:: EXERCISE AIM ::
With the pictures excluded, repeat every entry exactly.

:: DATA IN THIS EXERCISE ::
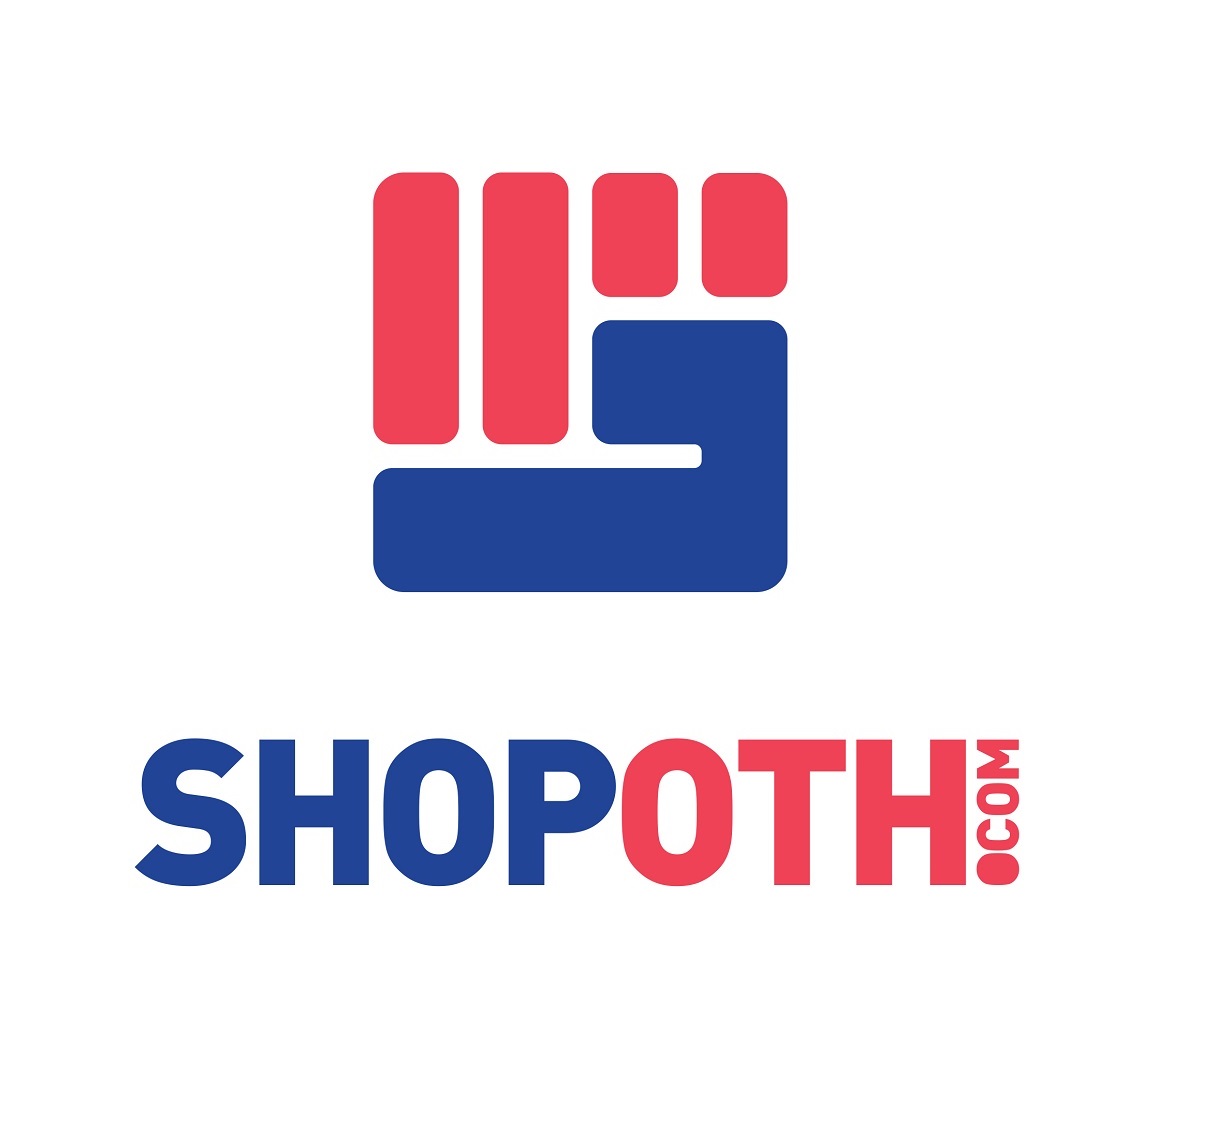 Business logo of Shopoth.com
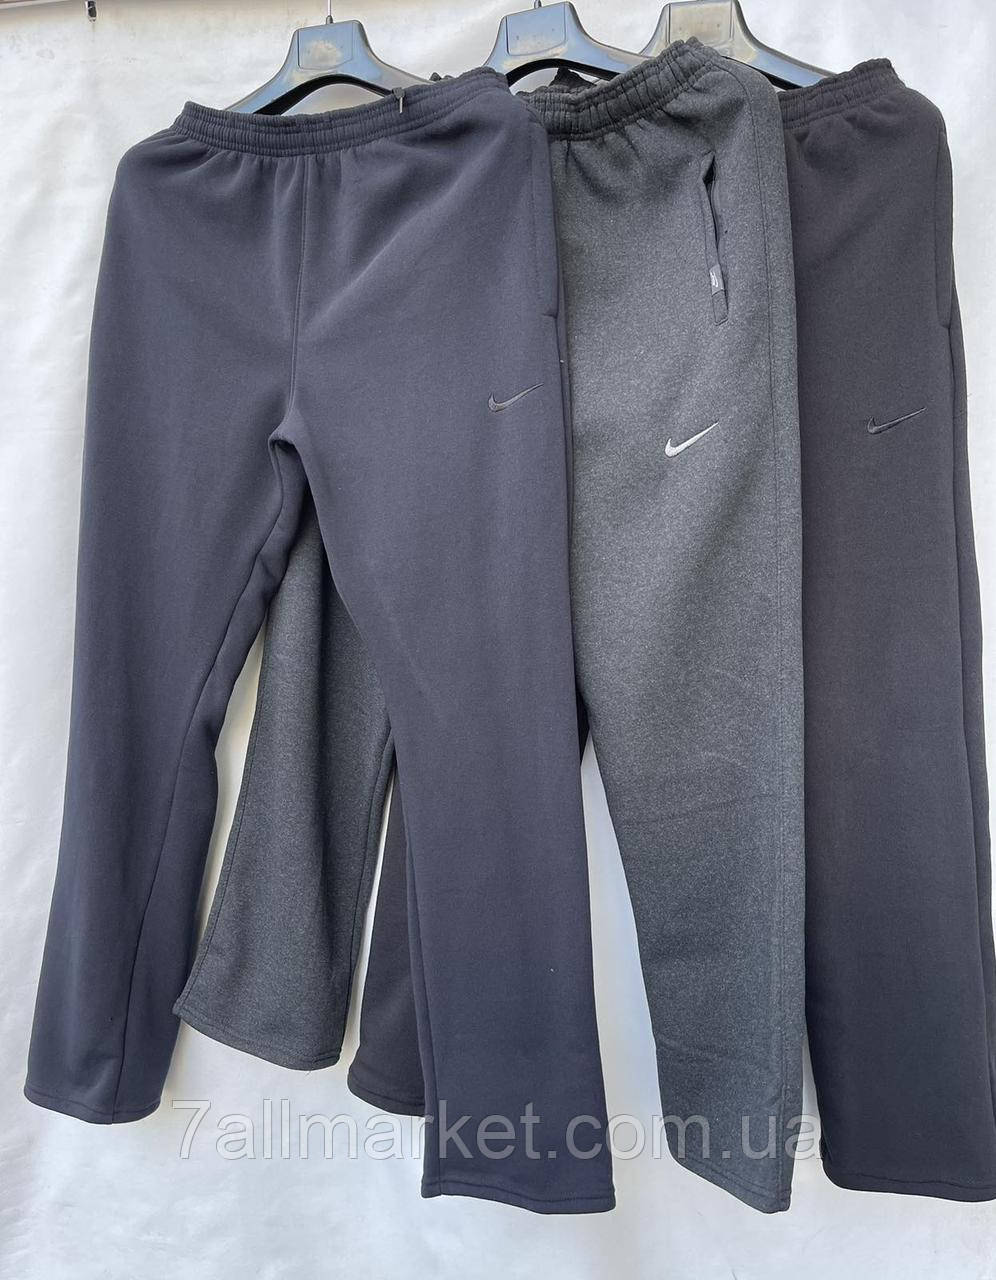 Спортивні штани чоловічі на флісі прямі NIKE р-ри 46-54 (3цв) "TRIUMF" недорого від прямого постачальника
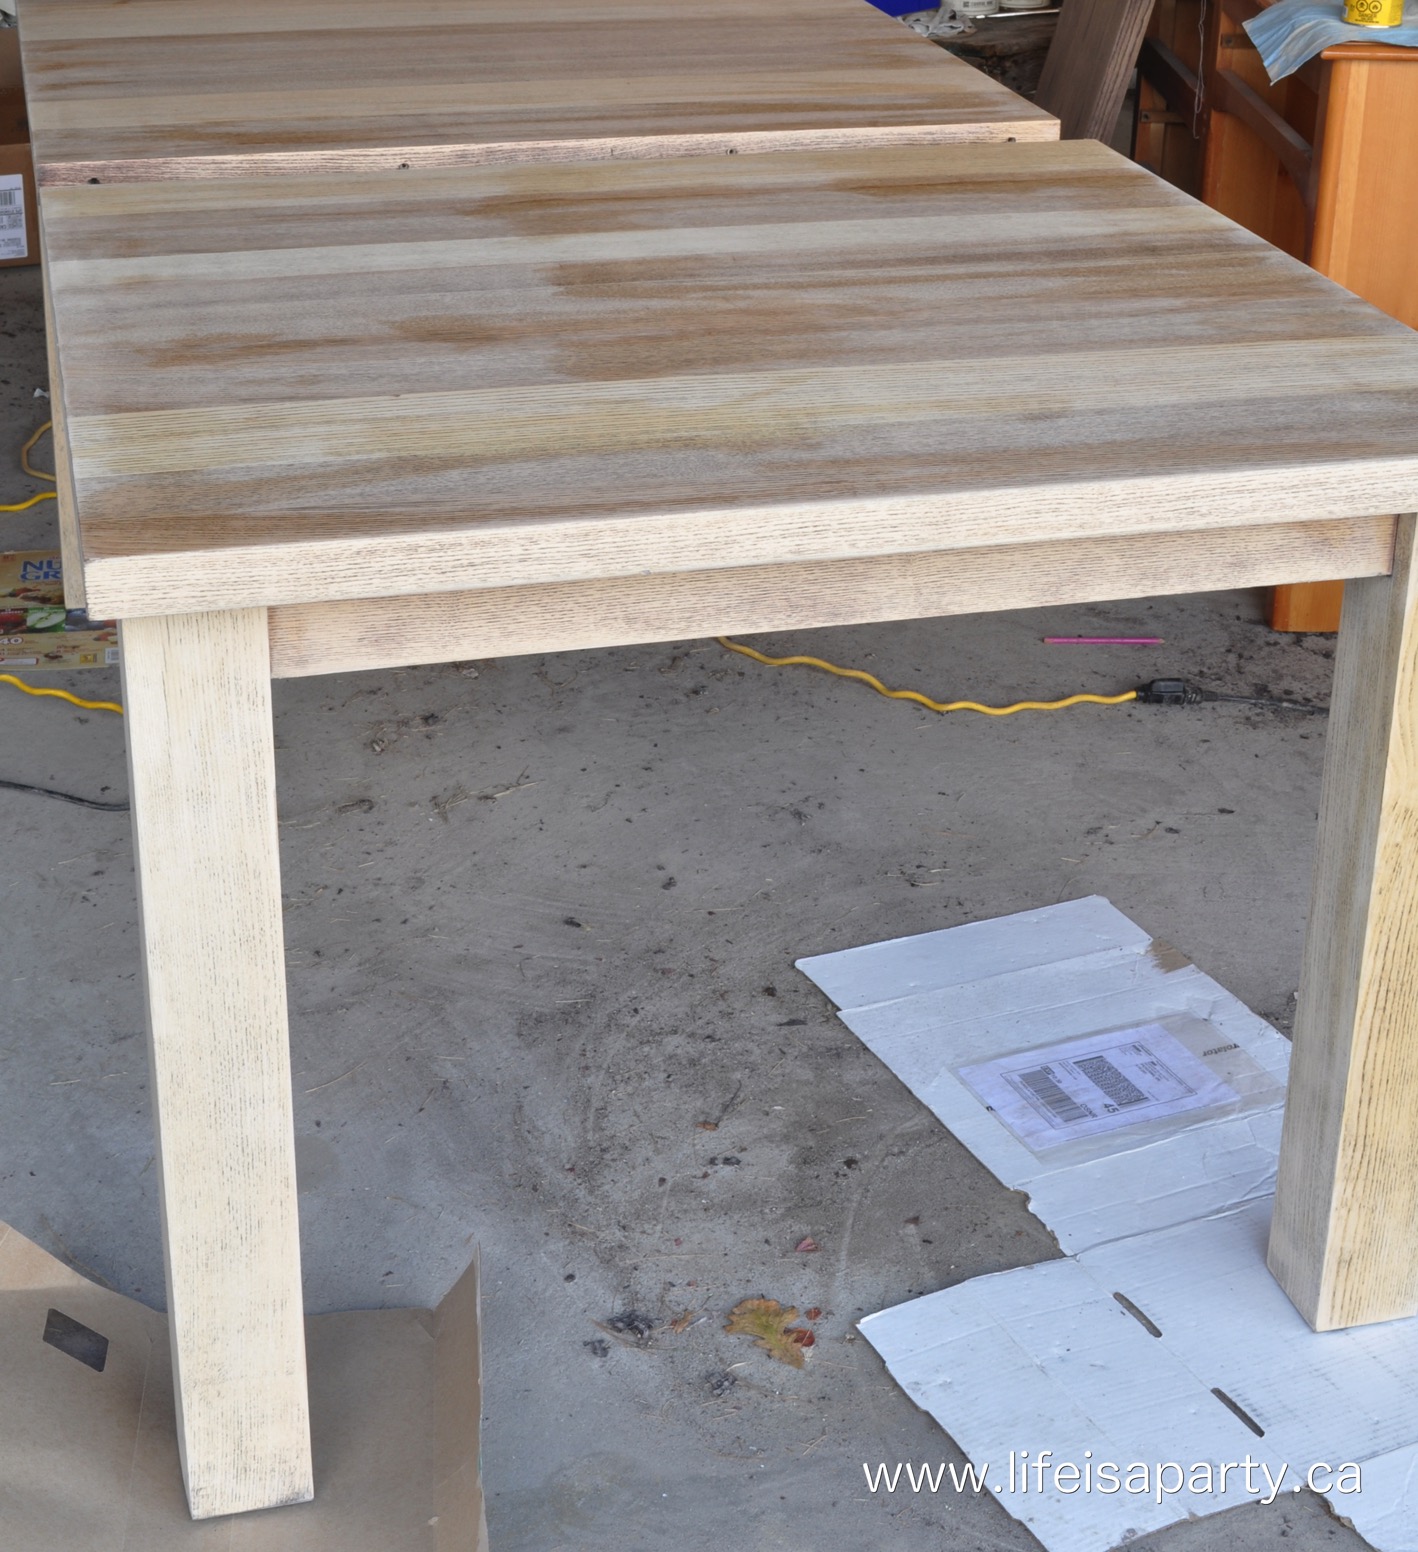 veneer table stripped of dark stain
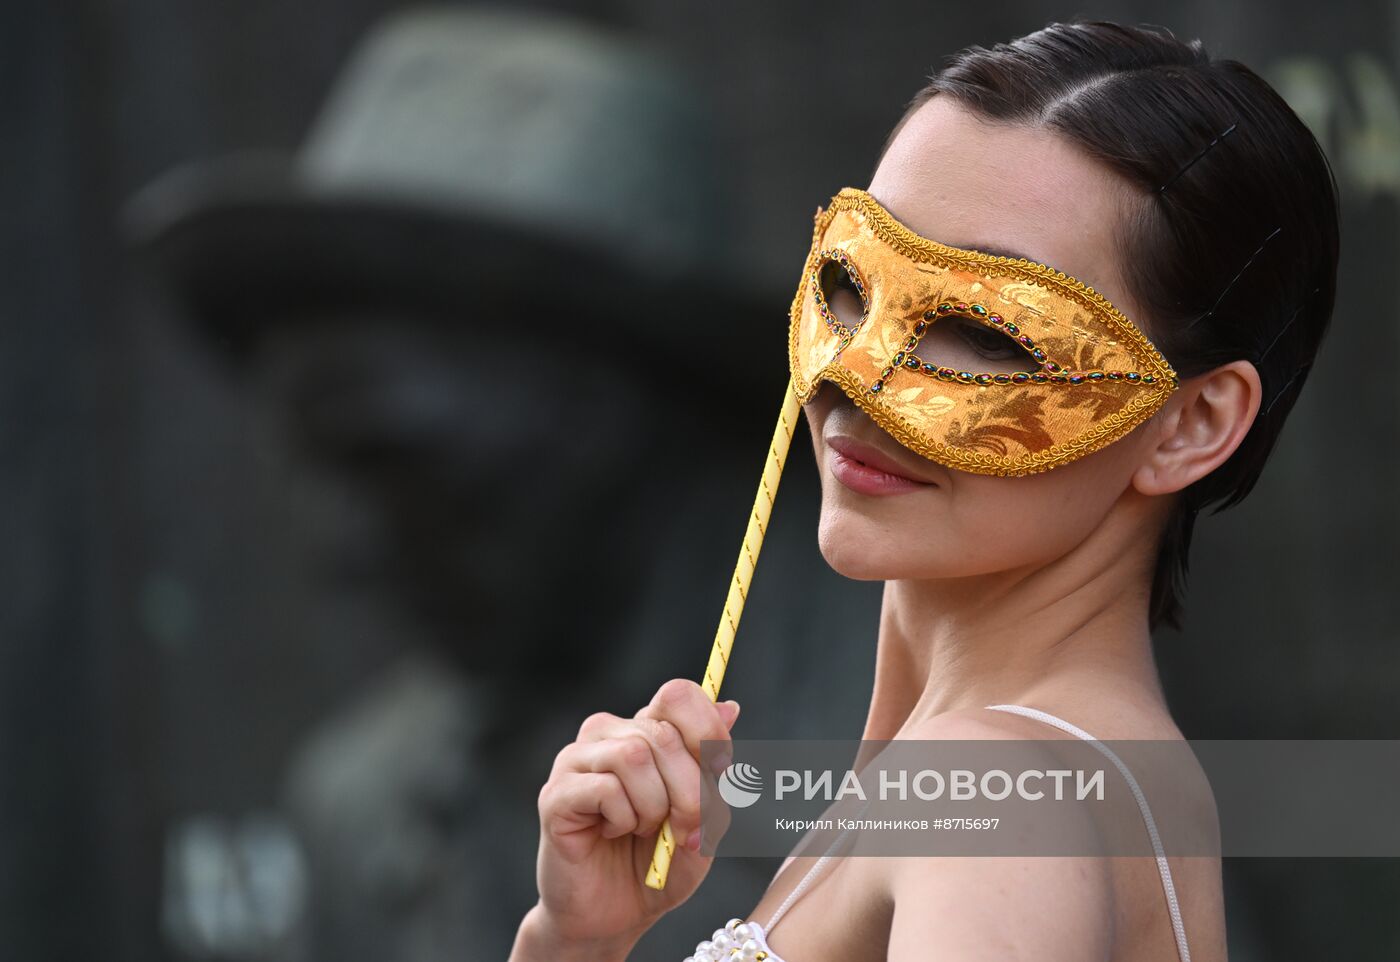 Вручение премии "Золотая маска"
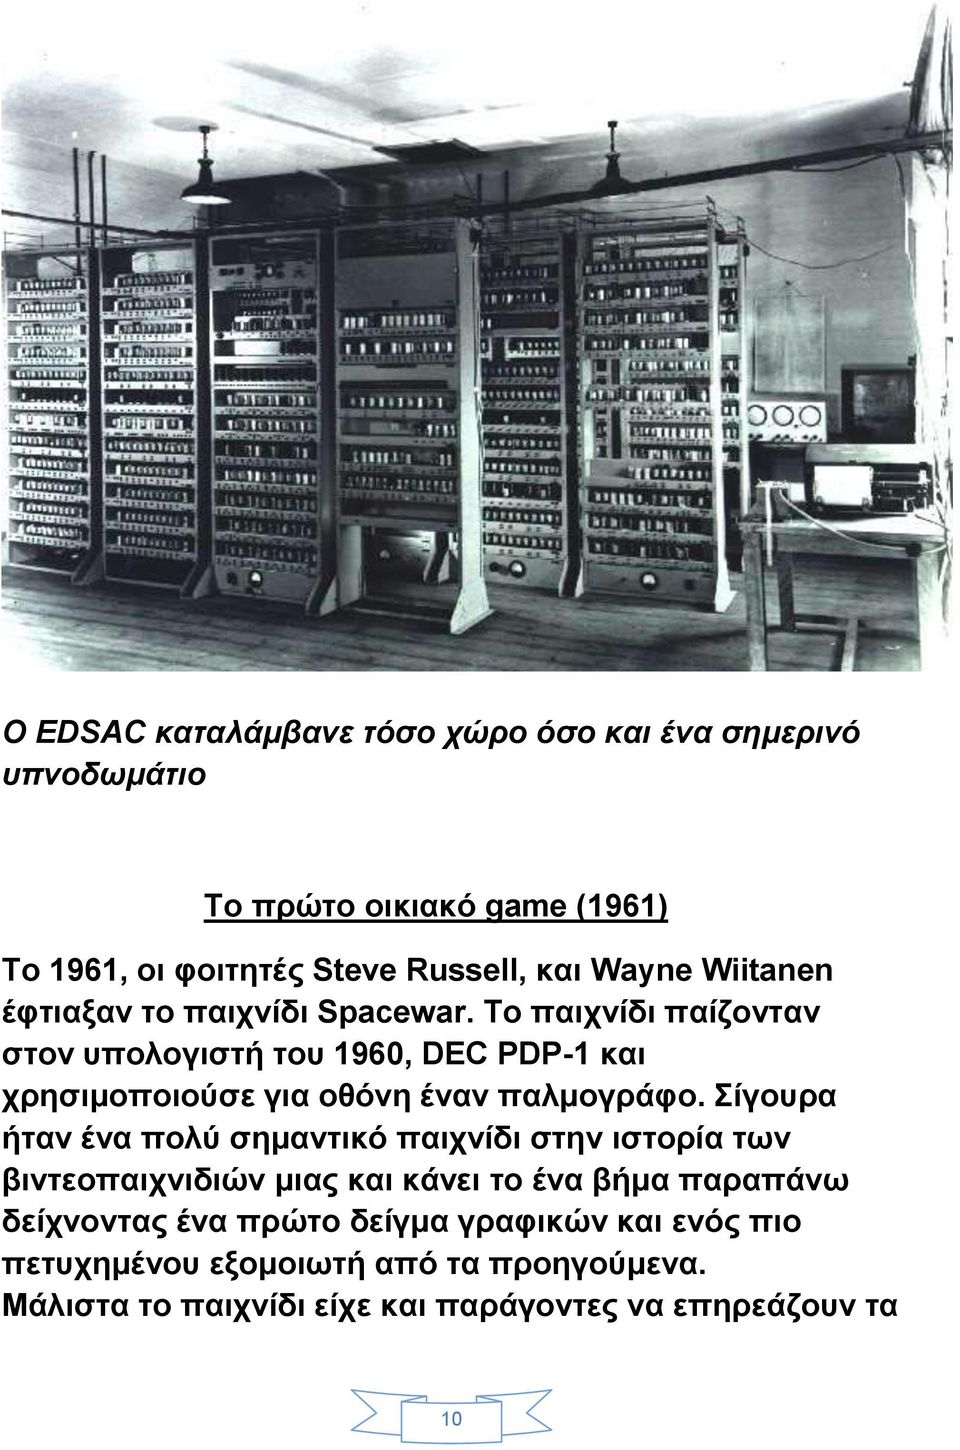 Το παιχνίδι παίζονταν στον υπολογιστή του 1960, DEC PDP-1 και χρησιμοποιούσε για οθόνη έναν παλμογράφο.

:: SOLUTION FOR THIS PROBLEM ::
 Business logo of Shopoth.com
 Спортивні штани чоловічі на флісі прямі NIKE р-ри 46-54 (3цв) "TRIUMF" недорого від прямого постачальника
 veneer table stripped of dark stain
 Вручение премии "Золотая маска"
 Το παιχνίδι παίζονταν στον υπολογιστή του 1960, DEC PDP-1 και χρησιμοποιούσε για οθόνη έναν παλμογράφο.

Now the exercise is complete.